= Jacques Borel (businessman) =

French restaurateur

Jacques Borel (born 9 April 1927) is a French businessman. In 1961, he brought fast food to France with a franchise of Wimpy, and opened restaurants in Paris and other cities before the company's head office shut them down at the end of the decade. He pioneered Ticket Restaurant (now Edenred) in 1962. In 1969, he opened France's first roadside restaurant. He set up a consultancy in 1994 to lobby for value-added tax reductions for restaurants.

==Early life==
Borel was born on 9 April 1927 in Paris. As a teenager, he was part of the French Resistance. At 13, he worked as a courier sending messages between fighters in occupied and Vichy France, and he met his future wife at the liberation of Paris in 1944, when he was 17. A graduate of HEC Paris in 1950, he completed his apprenticeship in management positions at IBM, where his father, William Borel, headed the French branch.

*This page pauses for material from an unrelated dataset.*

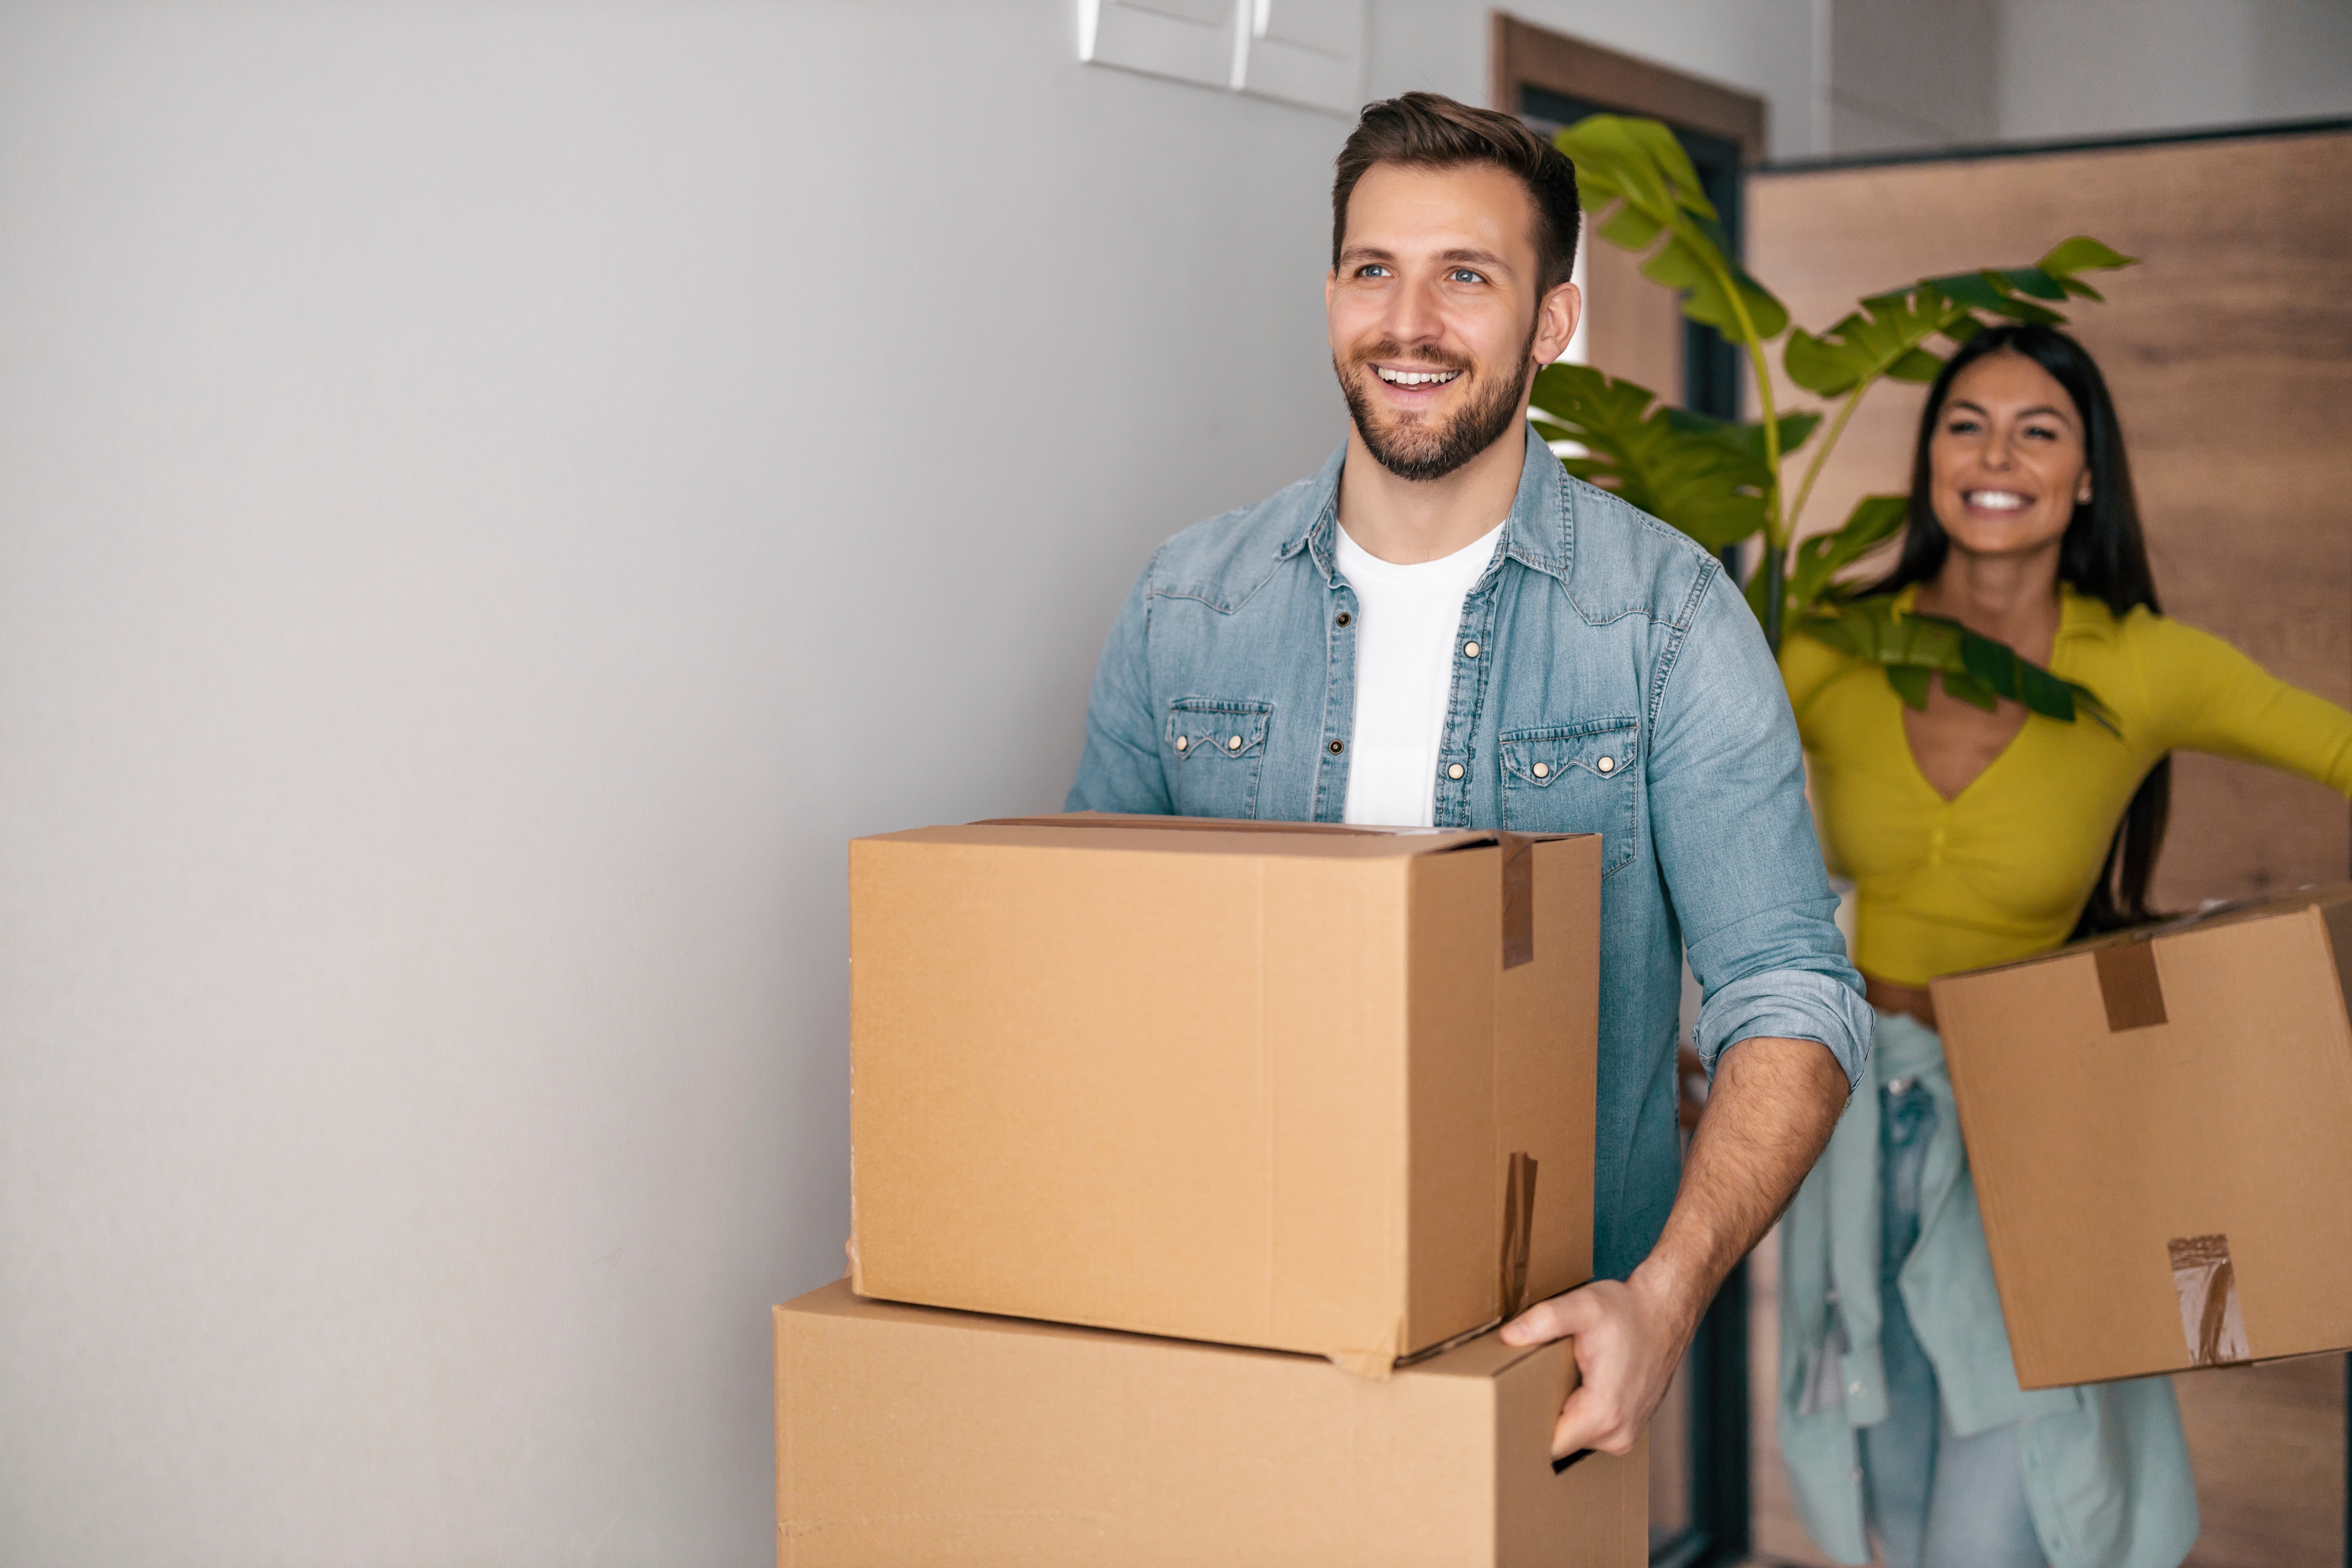 A happy couple holding cardboard boxes | Source: Shutterstock

Jacques Borel led IBM in Vietnam during the French colonial period.

==Business career==
In 1957, Borel opened the self-service restaurant Auberge Express. He attached pedometers to his waiters to ensure they were not walking too much. On 31 May 1961, he opened France's first hamburger restaurant, a franchise of the American company Wimpy. The venue was the Rue du 4 Septembre in the 2nd arrondissement of Paris. Borel saw hamburgers served to table as a winning option, as the only other competitor was cold pork sandwiches served at bars. In addition, ground beef was growing as an option, as increased female employment limited the amount of time that remained for women to cook beef at home.

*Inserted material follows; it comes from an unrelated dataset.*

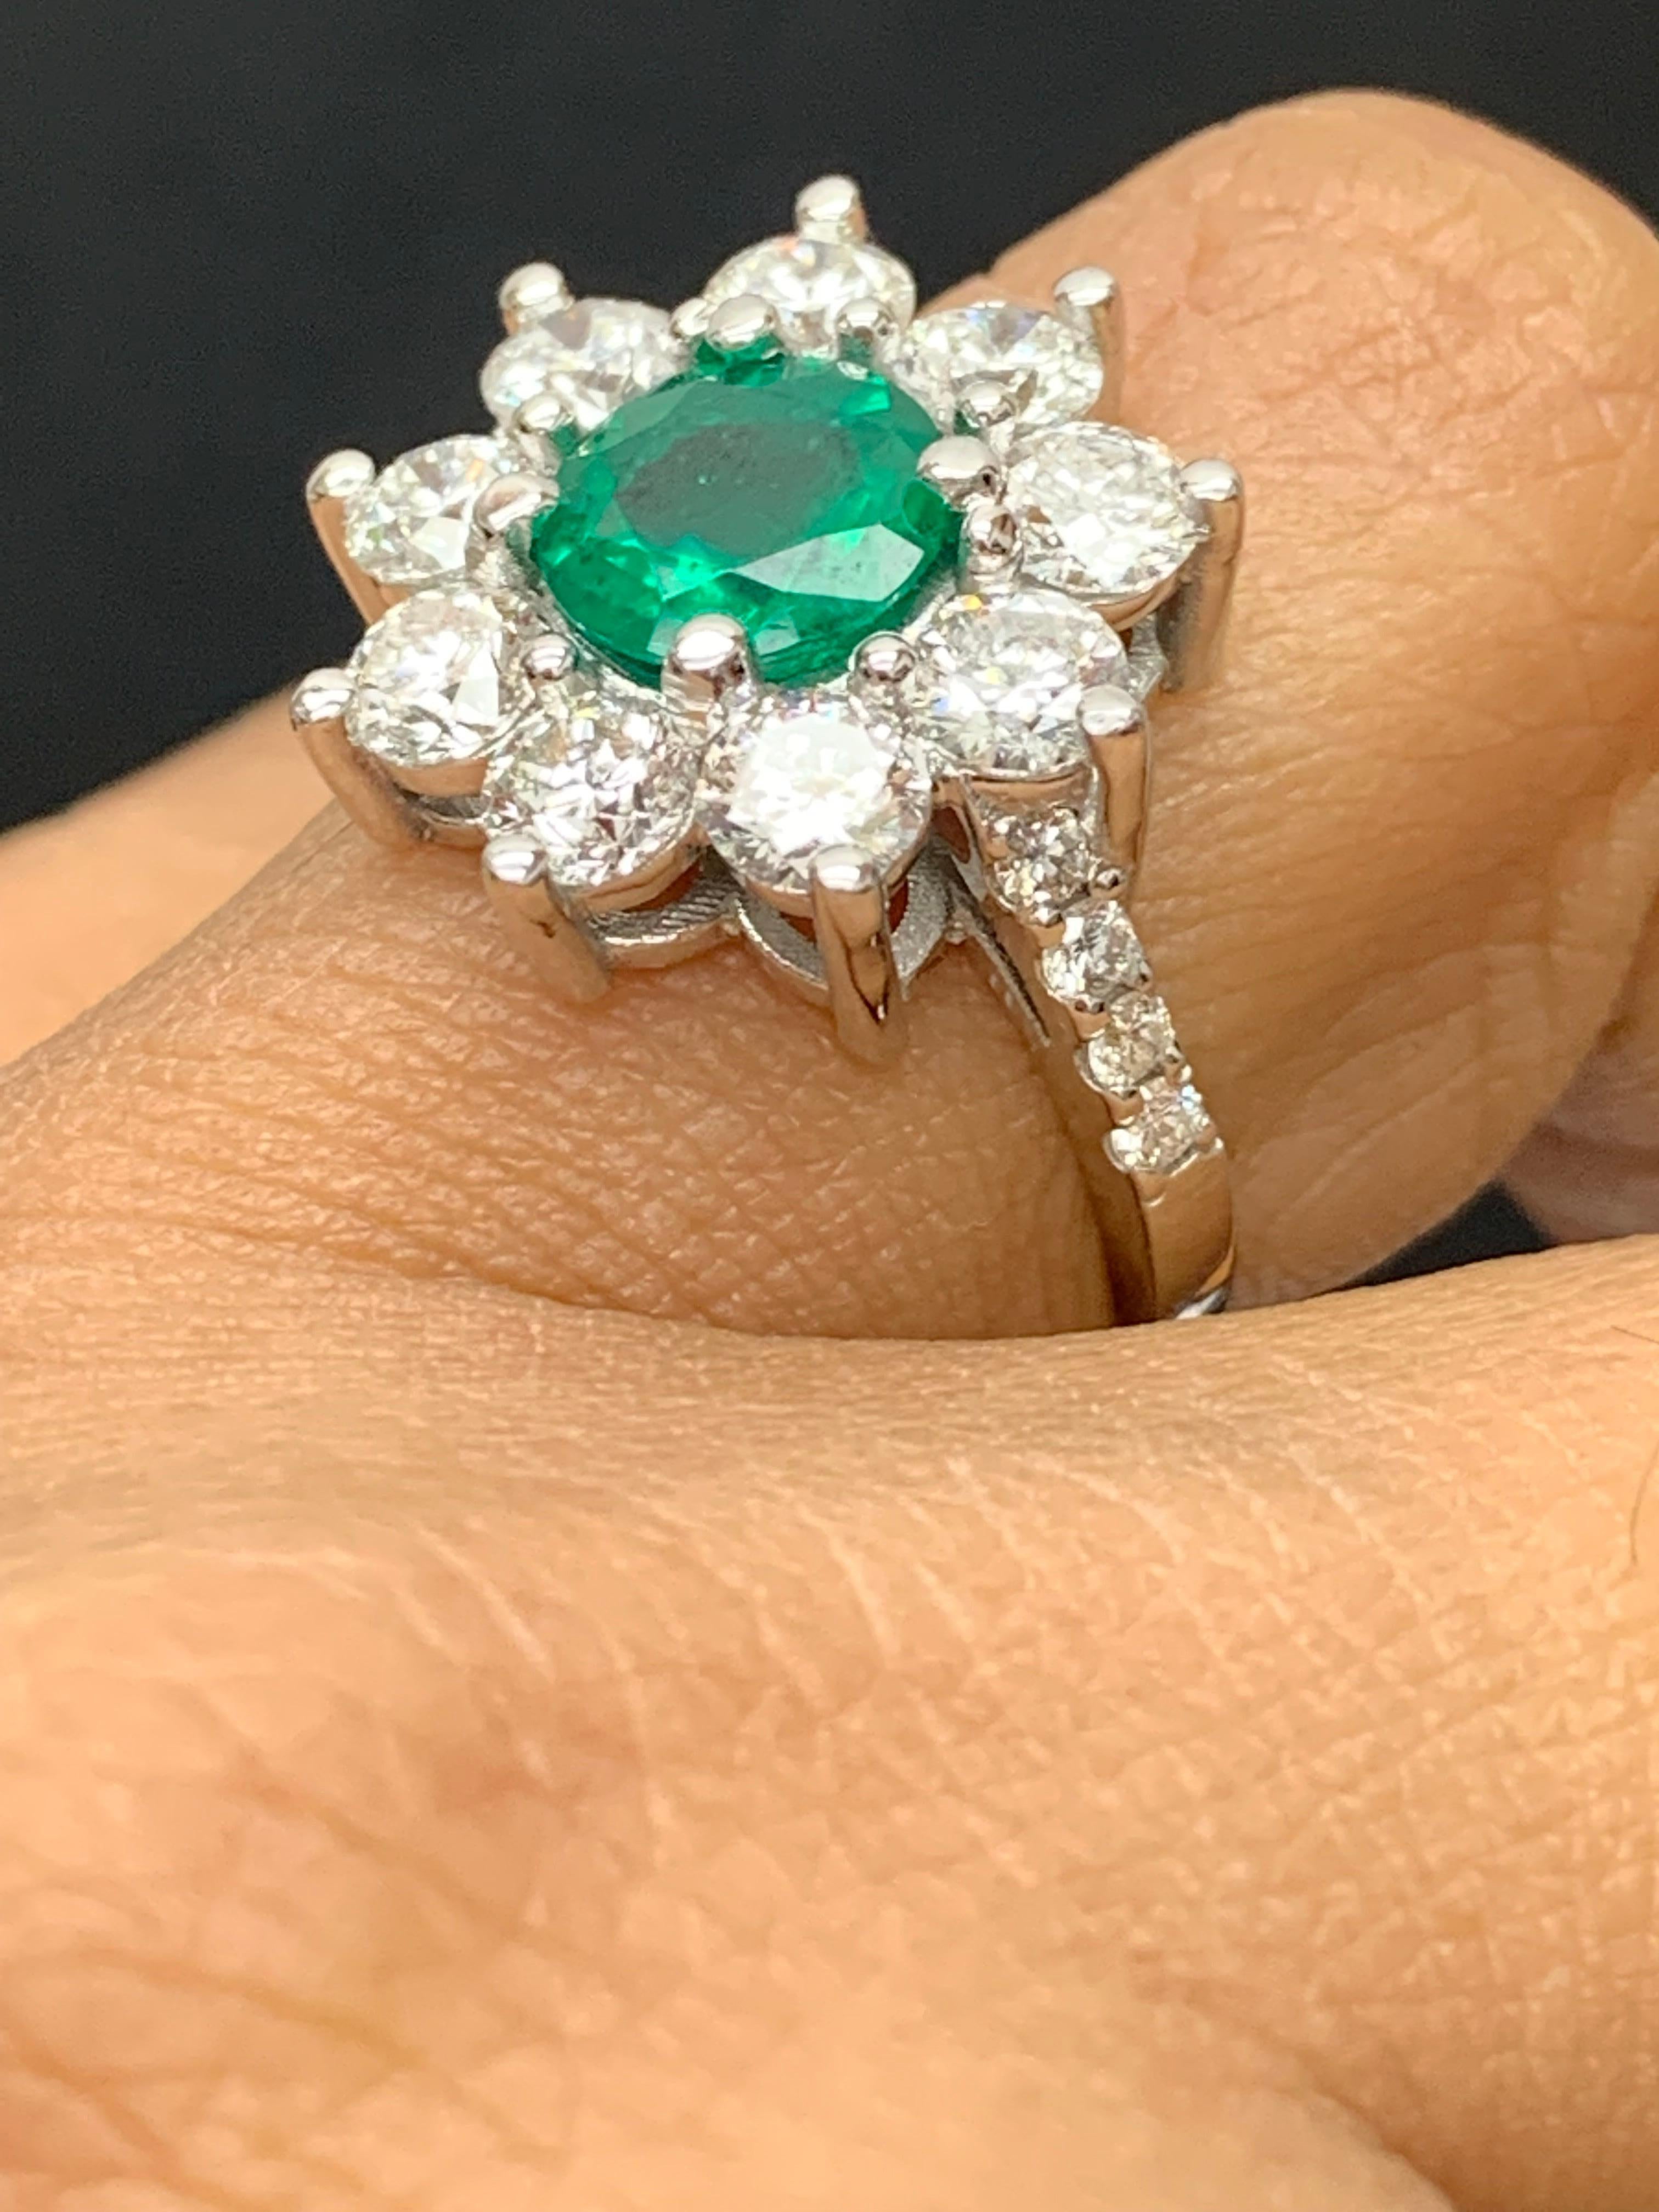 1.18 Carat Brilliant Cut Emerald and Diamond Ring in 14K White Gold For Sale 4

Borel recorded losses in his first two years of fast food, but by 1966 he was serving 60,000 meals per day, and recording an annual income of over $15 million. In the same year, he expanded out of the capital with a restaurant in Lille. His portfolio expanded to 15 restaurants in Paris and five in the rest of the country, but they disappeared before the end of the decade due to disputes with head office in the UK; McDonald's then came to France in 1972.

In 1962, Borel pioneered Ticket Restaurant (now Edenred), vouchers sold to large employers to feed employers instead of using their own cafeterias. He had discovered the practice in the UK. By 1967, the practice was recognised by the state and no taxes were required on it. In 1968, he sold 65% of his company to American conglomerate W. R. Grace in order to finance future growth; this share reduced to 15.2% by 1977.

Borel targeted the growth of motorways in France in the late 1960s. Only 2% of French drivers stopped at restaurants in 1966, compared to 60% in the United States; the French preferred to pull over and have a picnic. He set up France's first motorway restaurant in 1969. His record for sales in one day was to 14,238 people at an outlet on the A6 in the summer. He said "the most difficult thing was not feeding all those holiday makers, but keeping the toilets clean". By 1977, his company owned 850 restaurants, 37 hotels, 700 canteens inside large organisations, and had an annual revenue of $400 million.

In 1975, Borel's investment company Jacques Borel International bought the 4-star hotel chain Sofitel from the Banque de Paris et des Pays-Bas. The deal led to the suicide of Sofitel chairman Marcel Aubert, a $10 million loss for Borel's company, and his statement that the bank had "proposed a marriage, but when I had married the girl I found she had a lover, suffered from tuberculosis and had already pawned her dowry", for which he apologised. He was ousted by the board in 1977. French newspaper Le Monde wrote "More American than the Americans he fell in the American style".

After failed experiments in fast food in the United States, Mexico and Brazil, he returned to France and opened Jacques Borel Consultants in 1994, who successfully lobbied for a reduced value-added tax of 5.5% in French restaurants. He achieved VAT cuts in other European countries in the 21st century.

==Recognition==
Borel was known as the "Napoléon du prêt-à-manger" (Napoleon of ready-to-eat foods). For his role in fast food, newspaper France-Soir called him "public enemy number one". He was the inspiration for the character Jacques Tricatel in the 1976 French film The Wing or the Thigh (L'Aile ou la Cuisse), based on the confrontation between traditional French cuisine and fast food at the time.

In 2008, Borel was made a knight of the Legion of Honour.